The UJA is Barney’s private baby, his toy, the real expression of himself as he enjoys seeing himself. It’s the one Jewish thing he does with a whole heart. He supports the shul handsomely, but it yields him no personal pleasure. The shul is there: you gotta support it. But it doesn’t mean a thing, really. Not like the UJA! The field man from New York lathers him with compliments. “Mr. Rossman, there isn’t another like you. You certainly know how to do a wonderful job.”
_____________
All of which is perfectly true. Early in February, even before the national goal is set, Barney says to Tessie Clayton, his private secretary, “Tessie, it’s UJA time!” Miss Clayton is the real McCoy, a smart shiksa and just the thing for Barney who when there’s need for secrecy likes to shift gears into mamme loshen—Yiddish. Tesslte- contacts by phone the special list of names Barney has drawn up and now hands to her.
“Tell ’em it’s for Monday night, right here in the office, and anybody says they can’t make it, let me talk to ’em.”
Not only is it an honor to be selected by Barney as one of his inner core of engineers for the UJA. He makes it worthwhile. In the company’s private dining room they drink a few, then there’s a catered supper.
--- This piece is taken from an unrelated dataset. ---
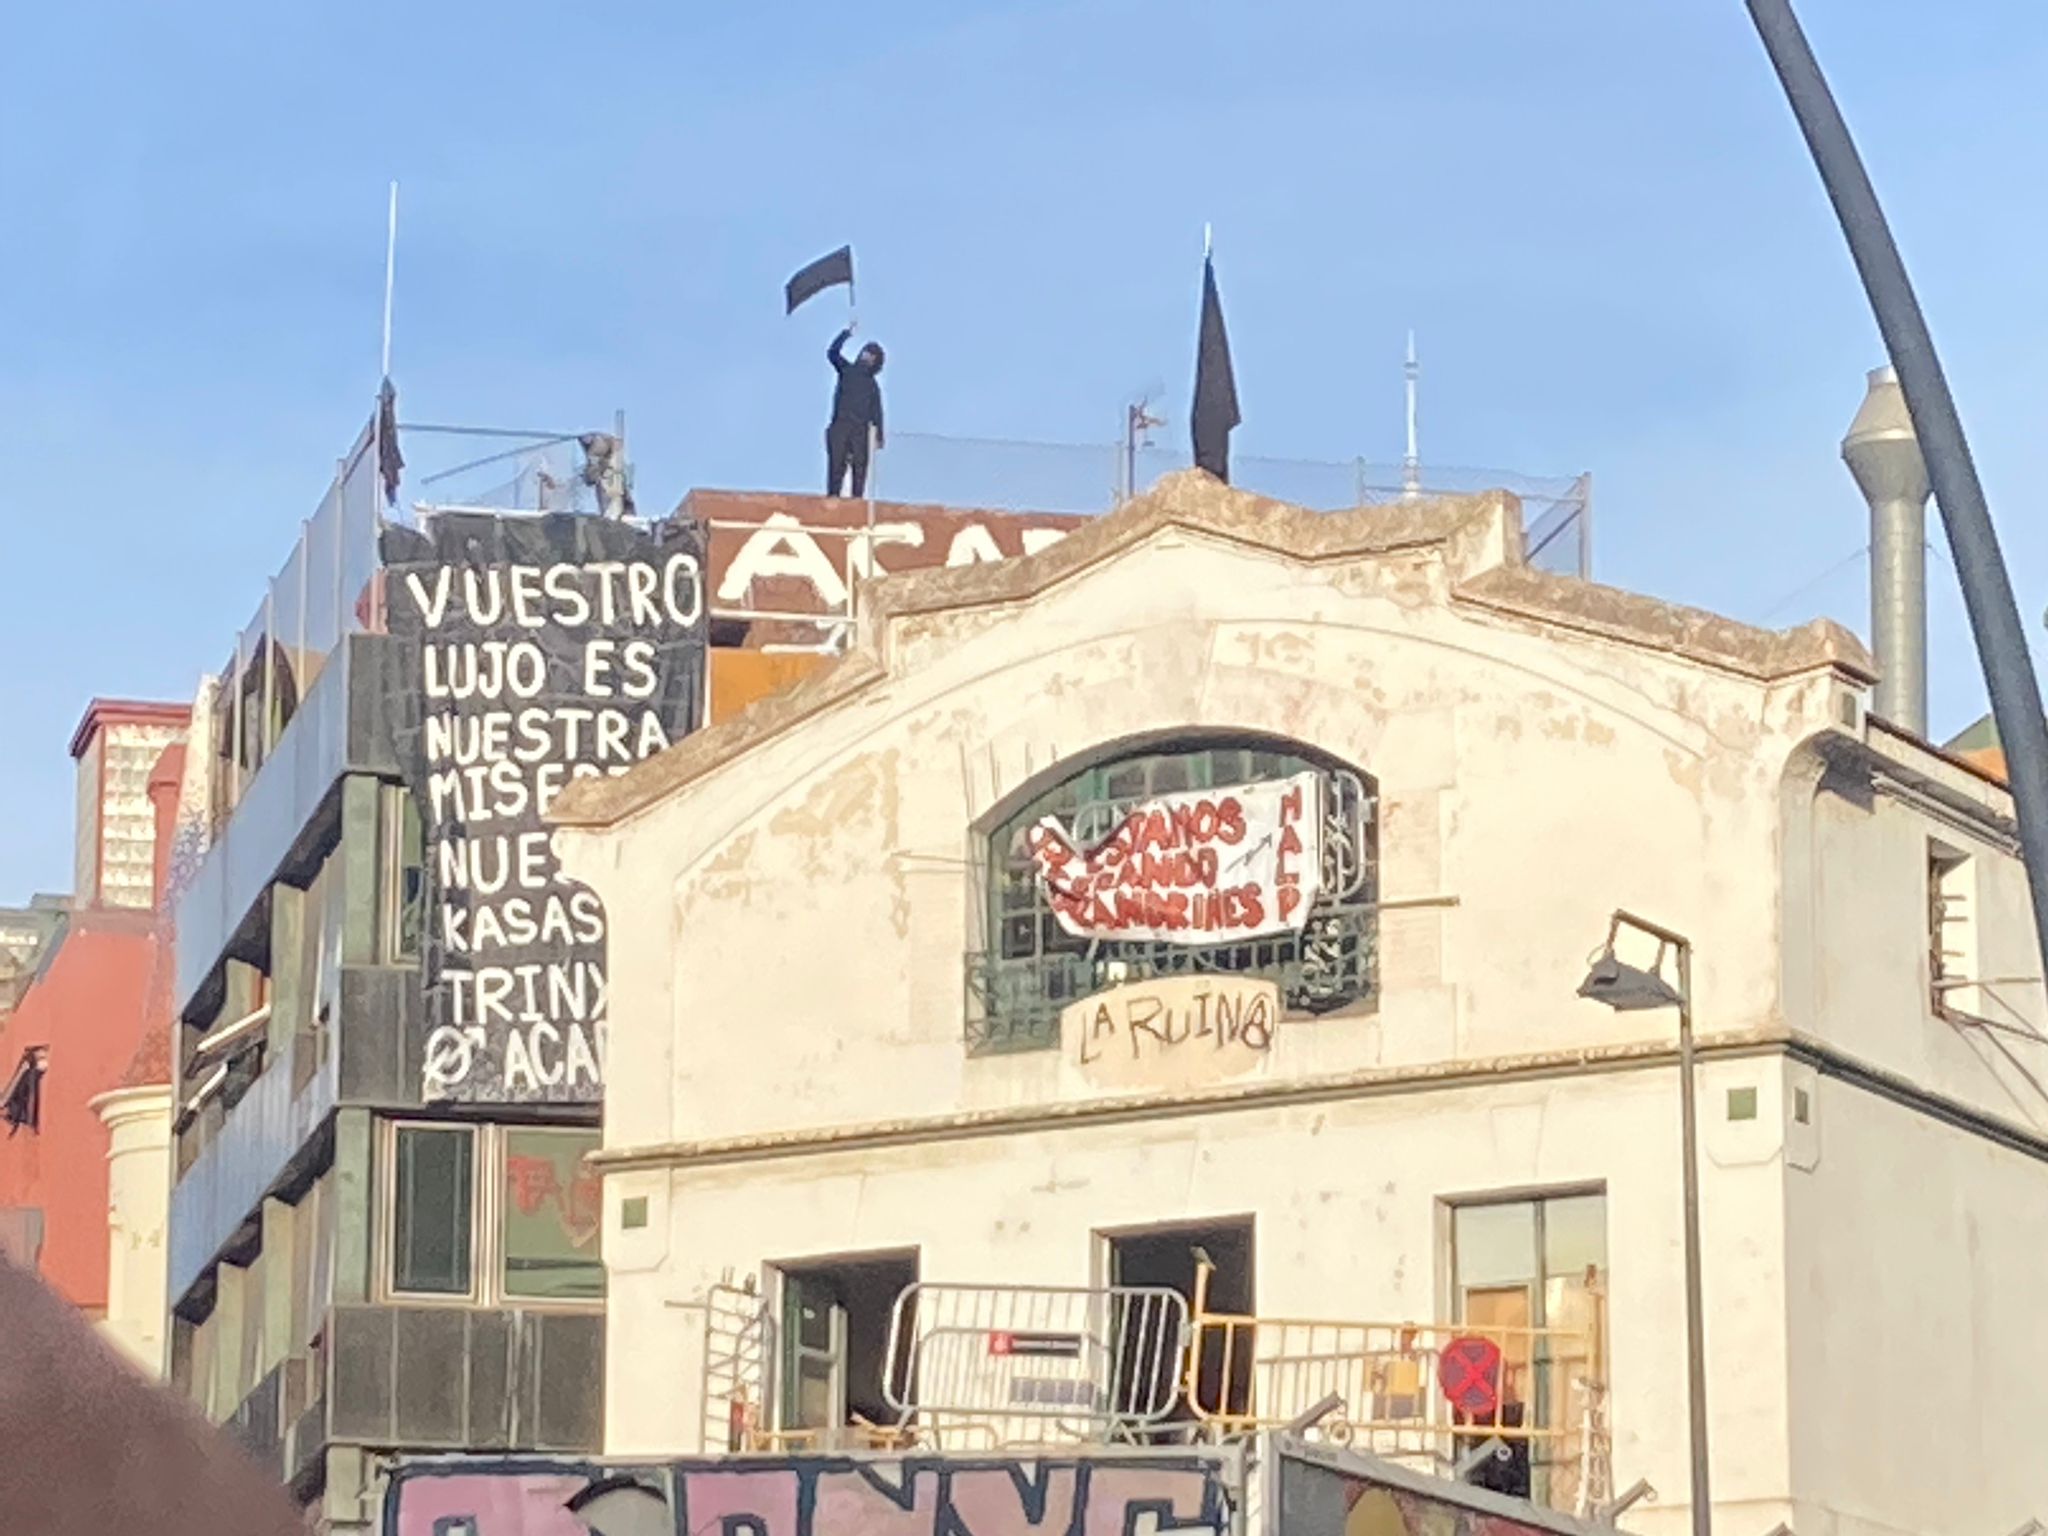 Desalojo de los okupas de Bonanova de Barcelona: últimas noticias de las casas okupadas hoy
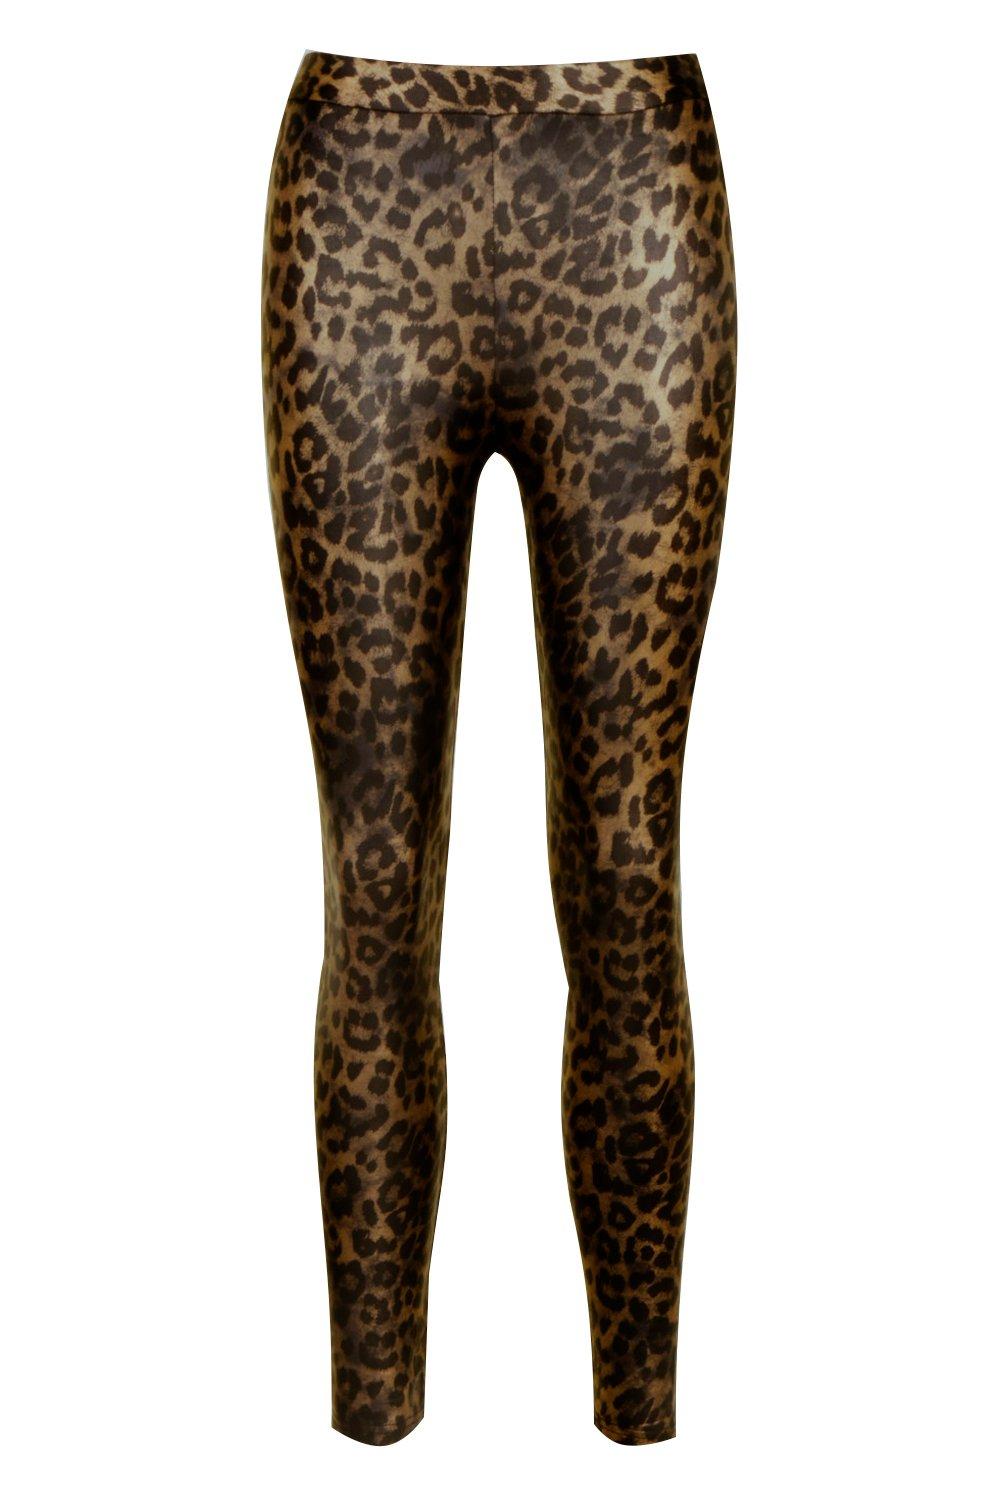 Attraco Women's Faux Leather Leggings Leopard Print Liquid Shine

After supper, long cigars of pure Havana glow and tremble in the unaccustomed mouths; and come about midnight, the choicest of the chosen remain behind to get their pants trimmed off in a snorting game of poker while the others grope their way through Barney’s huge factory clothed in darkness now, and out to the parking lot where perhaps a touch of snow has whitened the midnight world.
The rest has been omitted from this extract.